_Exercise description_.
Transcribe the whole listing exactly; the images stay out.

_Information provided_.
____

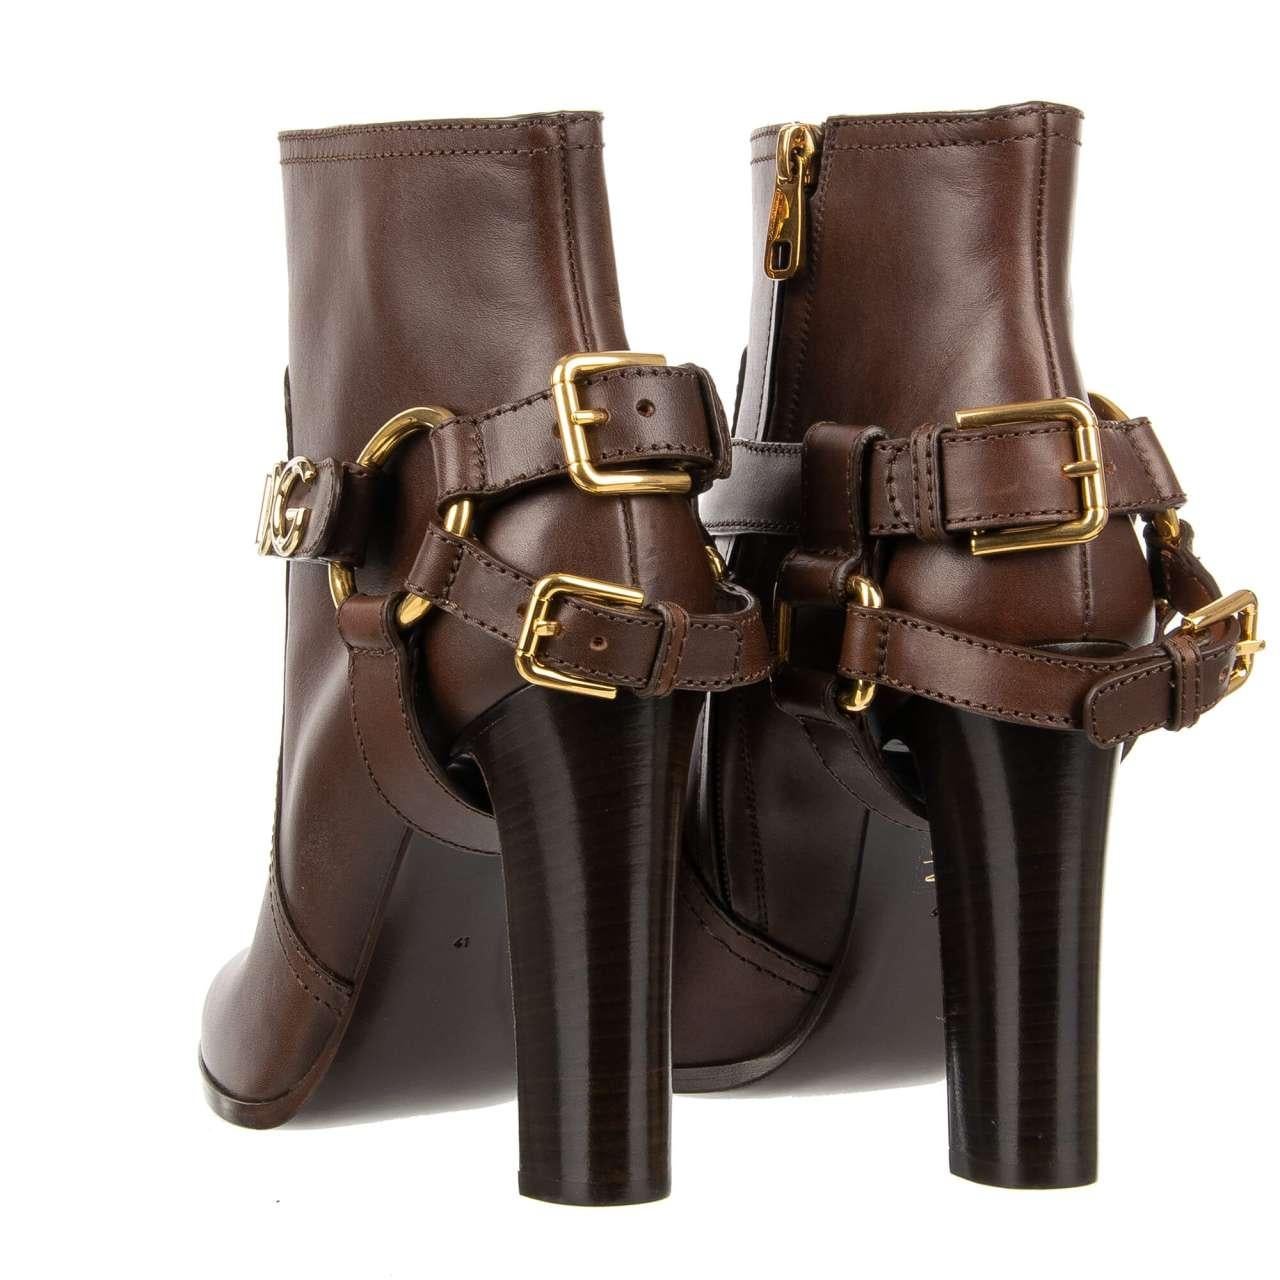 - Leather Boots CAROLINE with metal DG Logo and straps in brown by DOLCE & GABBANA - MADE IN ITALY - New with Box - Model: CT0698-AW673-80048 - Material: 100% Calf leather - Sole: Leather - Color: Brown - DG Golden metal logo - Zip Closure - Heel:
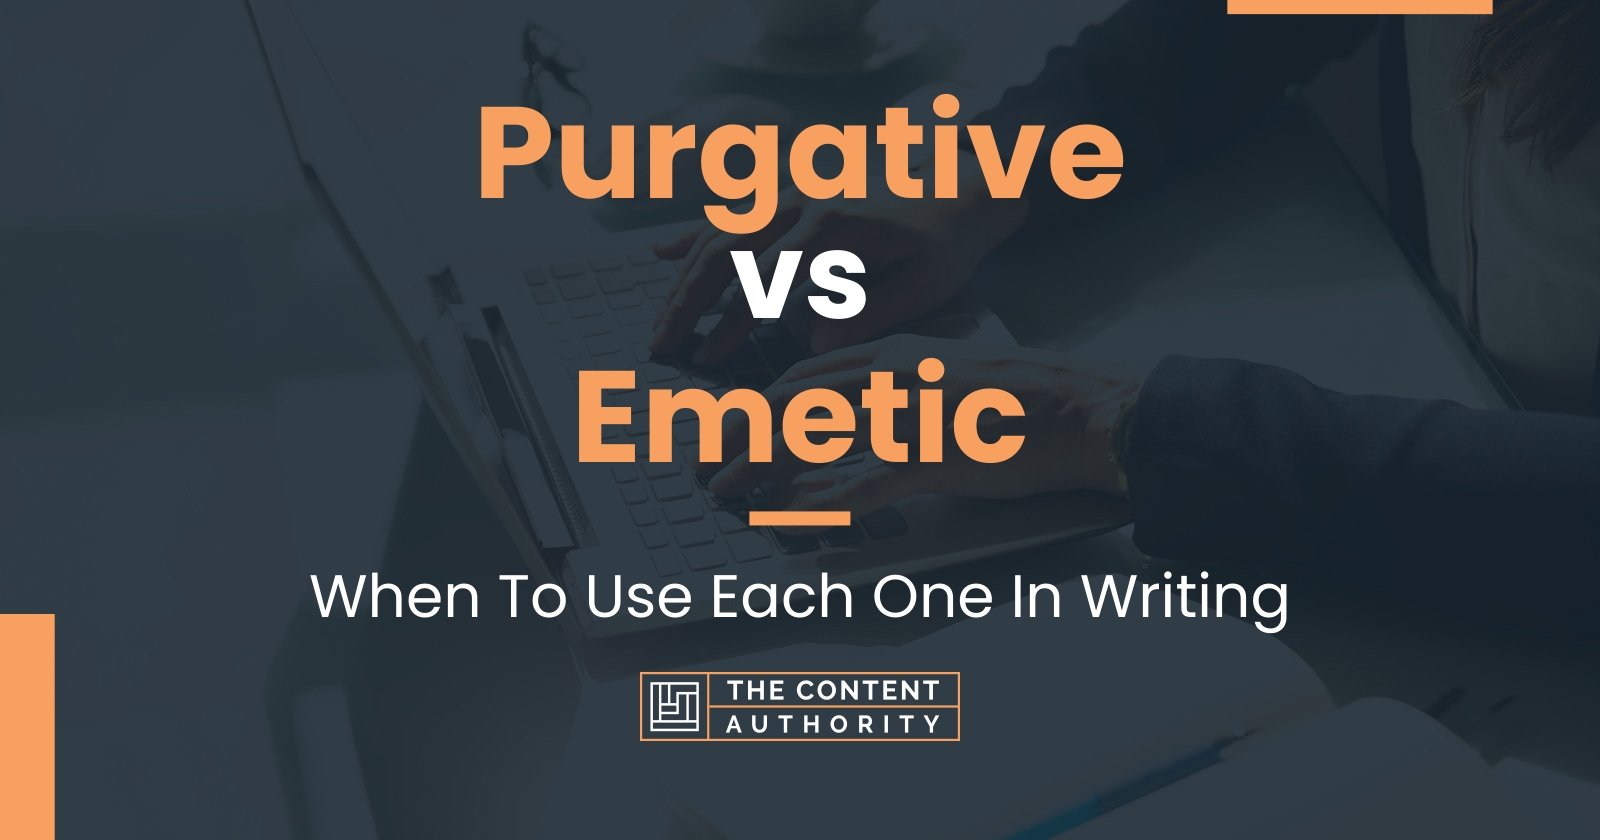 Purgative vs Emetic: When To Use Each One In Writing
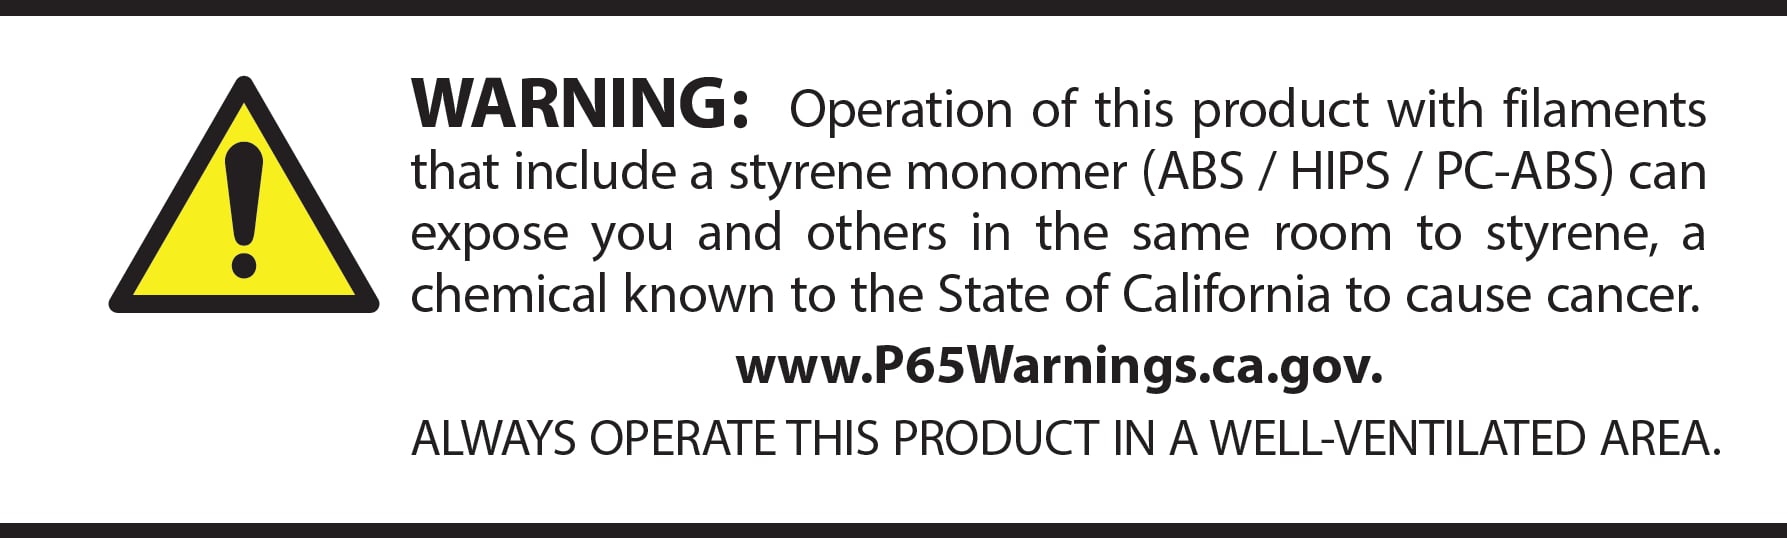 Warning: Operation of this product with filaments that include a styrene monomer (ABS / HIPS / PC-ABS) can expose you and other in the same room to styrene, a chemical known to the State of California to cause cancer.

____

_Exercise result_.
 - Leather Boots CAROLINE with metal DG Logo and straps in brown by DOLCE & GABBANA - MADE IN ITALY - New with Box - Model: CT0698-AW673-80048 - Material: 100% Calf leather - Sole: Leather - Color: Brown - DG Golden metal logo - Zip Closure - Heel:
 Purgative vs Emetic: When To Use Each One In Writing
 Warning: Operation of this product with filaments that include a styrene monomer (ABS / HIPS / PC-ABS) can expose you and other in the same room to styrene, a chemical known to the State of California to cause cancer.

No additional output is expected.